Adjust for predictors already satisfying PH assumption, i.e., use adjusted log-log \( \hat{S} \) curves.
## Stratified by rx (variable of interest), adjusted for logwbc
fit <- survfit(coxph(SurvObj ~ strata(rx) + lwbc3, data = leuk))
survplot(fit = fit,
conf = c("none","bands","bars")[1],
xlab = "",
label.curves = list(keys = "lines"), # legend instead of direct label
loglog = TRUE, # log(-log Survival) plot
logt = TRUE, # log time
)
## Stratified by logwbc (variable of interest), adjusted for rx
fit <- survfit(coxph(SurvObj ~ strata(lwbc3) + rx, data = leuk))
survplot(fit = fit,
conf = c("none","bands","bars")[1],
xlab = "",
label.curves = list(keys = "lines"), # legend instead of direct label
loglog = TRUE, # log(-log Survival) plot
logt = TRUE, # log time
)
## Stratified by sex (variable of interest), adjusted for rx and logwbc
fit <- survfit(coxph(SurvObj ~ strata(sex) + rx + lwbc3, data = leuk))
survplot(fit = fit,
conf = c("none","bands","bars")[1],
xlab = "",
label.curves = list(keys = "lines"), # legend instead of direct label
loglog = TRUE, # log(-log Survival) plot
logt = TRUE, # log time
)
The sex variable violates proportional hazards assumption.
In this method, the observed curves created by Kaplan-Meier estimator are compared to expected curves created by Cox regression assuming proportional hazards assumption.
### rx variable
## Observed curves
survplot(fit = survfit(SurvObj ~ rx, leuk),
conf = c("none","bands","bars")[1],
xlab = "",
label.curves = list(keys = "lines"), # legend instead of direct label
lwd = 2
)
## Expected survival plots, using Cox regression with PH assumption
cox.fit <- coxph(SurvObj ~ rx, leuk) # Fit Cox regression (PH assumed)
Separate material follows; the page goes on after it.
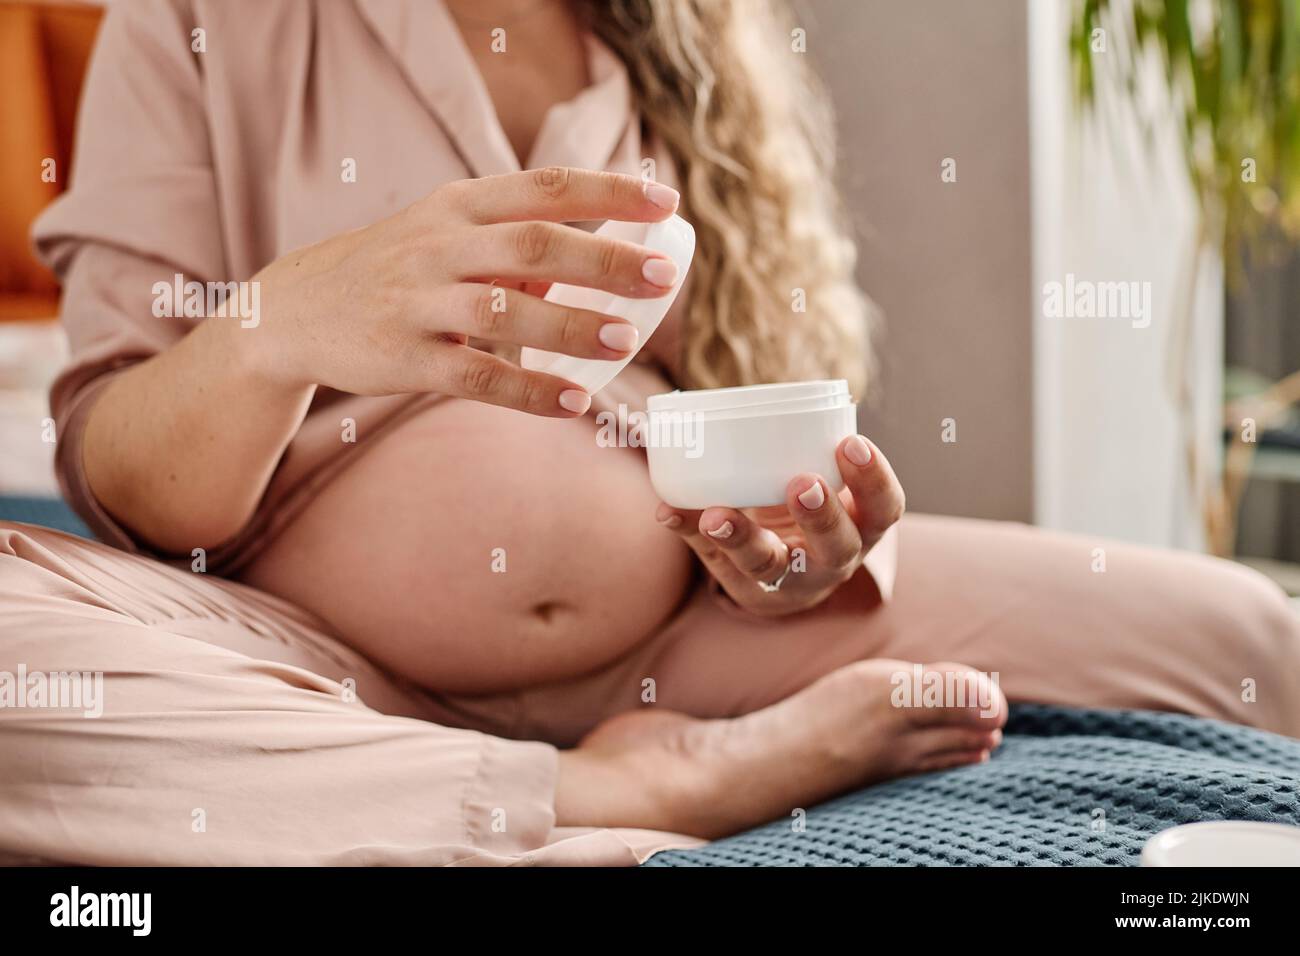 Mains de la jeune femme enceinte tenant un pot blanc ouvert en plastique et sa couverture tout en allant appliquer de la crème sur ses mains ou son corps Banque D'Images

newdat <- data.frame(rx = 0:1) # newdata to get expected curves
lines(survfit(cox.fit, newdata = newdat),
col = "red", lty = 1:2)
### sex variable
## Observed curves
survplot(fit = survfit(SurvObj ~ sex, leuk),
conf = c("none","bands","bars")[1],
xlab = "",
label.curves = list(keys = "lines"), # legend instead of direct label
lwd = 2
)
## Expected survival plots, using Cox regression with PH assumption
cox.fit <- coxph(SurvObj ~ sex, leuk) # Fit Cox regression (PH assumed)
newdat <- data.frame(sex = 0:1) # newdata to get expected curves
lines(survfit(cox.fit, newdata = newdat),
col = "red", lty = 1:2)
### logwbc variable
## Observed curves
survplot(fit = survfit(SurvObj ~ lwbc3, leuk),
conf = c("none","bands","bars")[1],
xlab = "",
label.curves = list(keys = "lines"), # legend instead of direct label
lwd = 2
)
## Expected survival plots (red lines, categorical logwbc method)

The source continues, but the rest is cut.